Figure 7. snRNA-Seq of control and Alport mice, with and without NAD⁺ supplementation.

(A) The snRNA-Seq reduction by UMAP of 49,488 nuclei in 30 clusters. (B) Proportion of nuclei per cluster by condition. Myofibroblasts and immune cells were upregulated in Alport mice. The effect was mitigated by NR treatment. (C) Differentially expressed genes in proximal tubule cells (PT_S1/S2) of NR-treated Alport mice (vs. vehicle-treated Alport mice). Mice treated with NR had reduced expression of immune signaling transcripts and increased expression of metabolism-related genes (e.g., Acot1, Ehhadh, and Insig1). (D) Enriched pathways between NR-treated Alport mice and vehicle-treated Alport mice in the proximal tubule cell. NR treatment significantly impacted translation (ribosome), metabolism, endocrine function, and PPAR signaling in the proximal tubule cell. Ctrl, control; NAD⁺, nicotinamide adenine dinucleotide; NR, nicotinamide riboside; UMAP, uniform manifold approximation and projection; Veh, vehicle. aPT, adaptive proximal tubules; B, B cell; CIC, cortical intercalated cells; CNT, connecting tubule; DCT, distal convoluted tubule; DendriC, dendritic cell; EC_1, endothelial cells 1; EC_2, endothelial cells 2; EC_Cycl, endothelial cells cycling; iDN, injury distal nephron; IMCL, intramedullary collecting cells; iPT, injury proximal tubules; MIC, medullary intercalated cells; MP_LP_1, macrophage or lymphocyte cells 1; MP_LP_2, macrophage or lymphocyte cells 2; NK_T, natural killer or T cell; PapEpi, papillary epithelial cells; PC, principal cell; POD, podocyte; PT_S1, proximal tubules segment 1; PT_S2, proximal tubules segment 2 cells; PT_S3, proximal tubules segment 3 cells 1; rDCT, regenerative distal convoluted tubule; sTAL, stressed thick ascending limb; STR_1, stromal cell 1; STR_2, stromal cell 2; STR_3, stromal cell 3; STR_4, stromal cell 4; TAL, thick ascending limb.

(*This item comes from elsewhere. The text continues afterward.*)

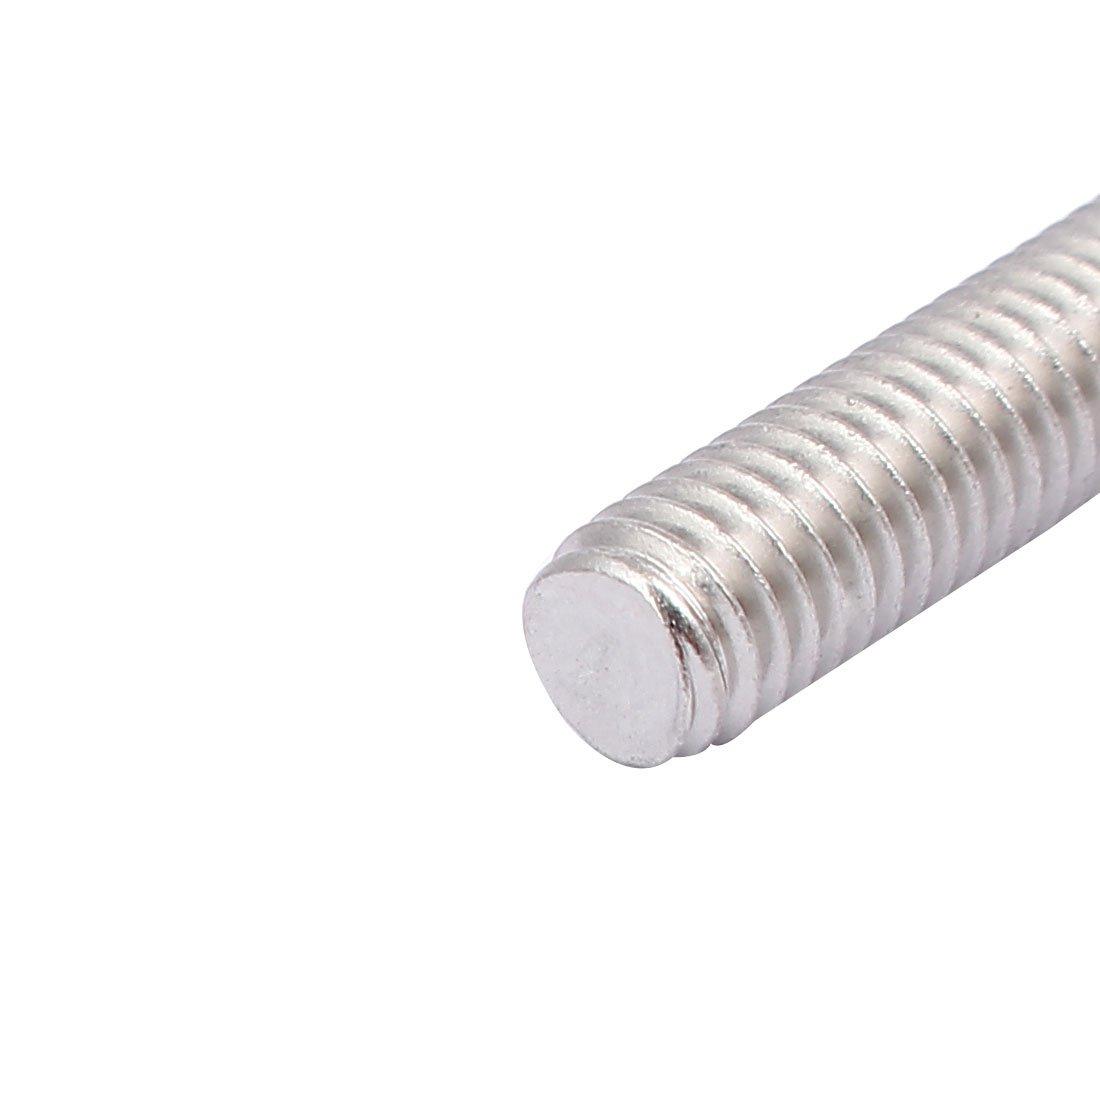 uxcell M5x70mm 304 Stainless Steel Button Head Hex Socket Cap Screws Bolts 10pcs a17022100ux0078

Figure 8. Spatial localization of Cpt1a and Acadm.

(A) Expression of mitochondrial transcription factor A (Tfam), carnitine palmitoyltransferase 1-α (Cpt1a), and medium-chain acyl-coenzyme A dehydrogenase (MCAD; Acadm) in cell types and conditions by snRNA-Seq. (B) Visium spatial transcriptomics was performed on vehicle-treated male control mice (left), vehicle-treated male Alport mice (center), and NR-treated male Alport mice (right). Cpt1a expression is depicted. (C) Cpt1a expression was restored with NR treatment. (D and E) Expression of Acadm was reduced in Alport mice and restored after NR treatment. (F) Differentially expressed genes within the cortical tubulointerstitium in NR-treated Alport mice (vs. vehicle-treated Alport mice). (G) Pathway enrichment in the cortical tubulointerstitium in NR-treated Alport mice (vs. vehicle-treated Alport mice). Avg., average; CI, confidence interval; Cortex, cortical tubulointerstitium; Ctrl, control; Glom, glomerulus; NAD⁺, nicotinamide adenine dinucleotide; NR, nicotinamide riboside; OR, odds ratio with 95% CI; Pct., percentage; Veh, vehicle. aPT, adaptive proximal tubules; B, B cell; CIC, cortical intercalated cells; CNT, connecting tubule; DCT, distal convoluted tubule; DendriC, dendritic cell; EC_1, endothelial cells 1; EC_2, endothelial cells 2; EC_Cycl, endothelial cells cycling; iDN, injury distal nephron; IMCL, intramedullary collecting cells; iPT, injury proximal tubules; MIC, medullary intercalated cells; MP_LP_1, macrophage or lymphocyte cells 1; MP_LP_2, macrophage or lymphocyte cells 2; NK_T, natural killer or T cell; PapEpi, papillary epithelial cells; PC, principal cell; POD, podocyte; PT_S1, proximal tubules segment 1; PT_S2, proximal tubules segment 2 cells; PT_S3, proximal tubules segment 3 cells 1; rDCT, regenerative distal convoluted tubule; sTAL, stressed thick ascending limb; STR_1, stromal cell 1; STR_2, stromal cell 2; STR_3, stromal cell 3; STR_4, stromal cell 4; TAL, thick ascending limb.